Give him literature from Ex Jehovah's Witness sources and you will never see him again.
Draw a pentangle on your front door in a blood red colour
My neighbor was mowing his lawn in his jeans one hot summer day as a Jehovah's Witness arrived in his drive and proceeded up a flight of stairs to his front door. As she ascended he ran over a hornet's nest, jumped off the riding mower and dropped his jeans - as the hornets swarmed his lower body- and ran toward the front door. As the JW reached the landing she saw a nearly naked man running toward her waving his arms and screaming. She dropped her magazines and raced down the stairs as fast as she could in heels, and she never returned. Now you know how to get rid of them!!
I always tell the door-knockers that I'm an atheist. I love watching them try to process the information before they say something. Usually I get "why?". Then the floor is mine!!!! Truthfully, I do take a considerable amount of pleasure in it. They came to my door, they get what they get.
I answer the door naked. The rest usually takes care of itself.
The only reason we have Scientology is to make the Jehovas Witnesses look sane.
I once told them "You don't want me, and you don't want my boyfriend either" (I was in bloke mode at the time.) But this amounts to engaging them, and so I started to get an explanation of why that didn't matter (one thing I should have learned from the time they claimed to be friends of my mother in my teens: like a lot of salespeople, JW's are not above lying to get the deal.)
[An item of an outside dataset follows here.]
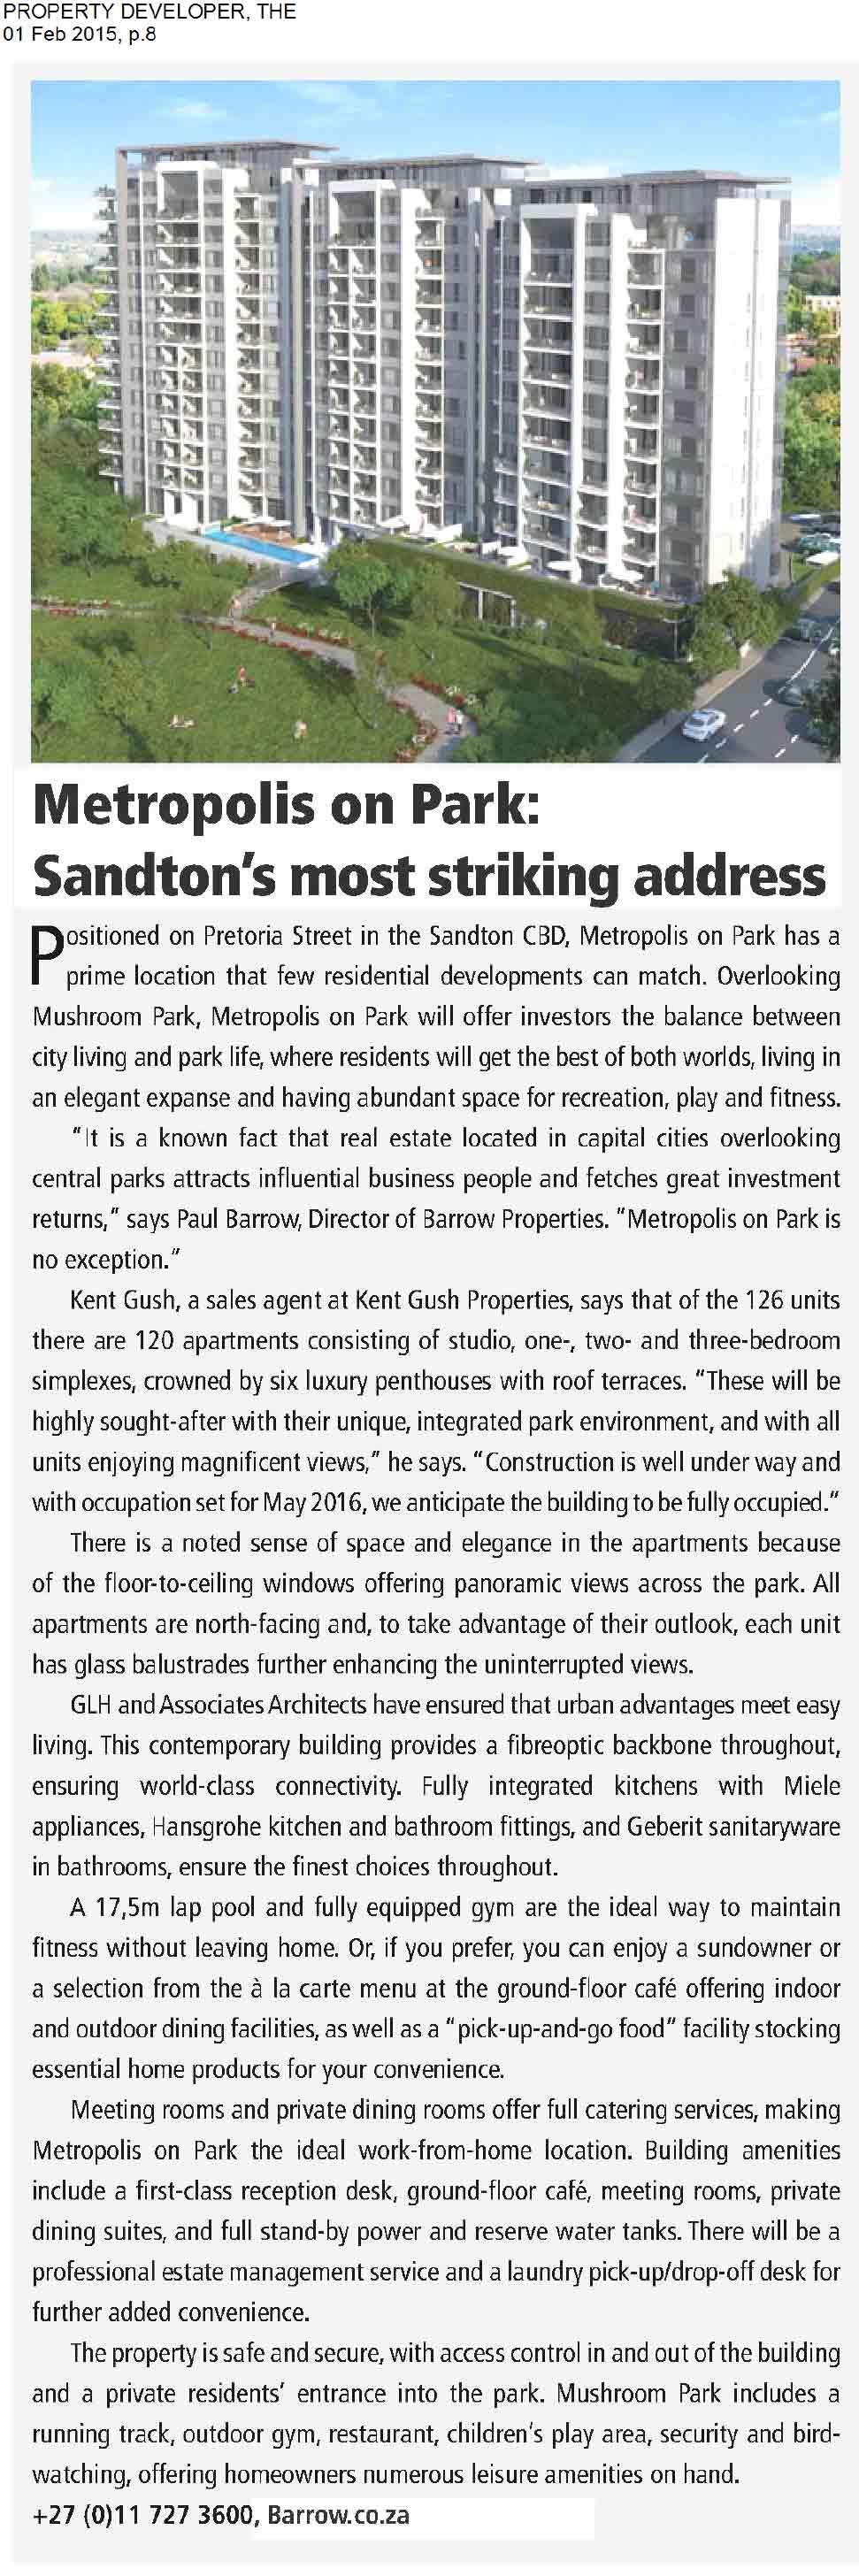 Metropolis-on-Park-Sandton's-most-striking-address

It's actually one of those religions where it's okay to be gay, as long as you keep your trousers on. So perhaps they felt they had an opportunity to 'save' me by coaxing me into a lifetime of miserable abstenance from any kind of physical intimacy.
If I'm ever going to buy into a religion, it'll be one where I stand a chance of getting into heaven, rather than one where there are limited spaces up there, and the tickets sold out years ago. Although the idea of not celebrating Christmas or birthdays has its appeals.
I tell them that I quit christianity back in 1965 and became a Buddhist (which has no deity)
If they keep coming back, inviting them in to answer uncomfortable questions about the Bible usually keeps them from returning.
My first husband ,who passed away many years ago, but had a wonderful mind and fantastic memory, would love to have Jehovah's Witnesses come to the door. He would invite them in, and had the ability to be exceedingly friendly to them while using their own rhetoric and passages from the bible and other religious works to get them so confused that they would practically beg to leave. We only had to worry about one visit from them no matter where we lived.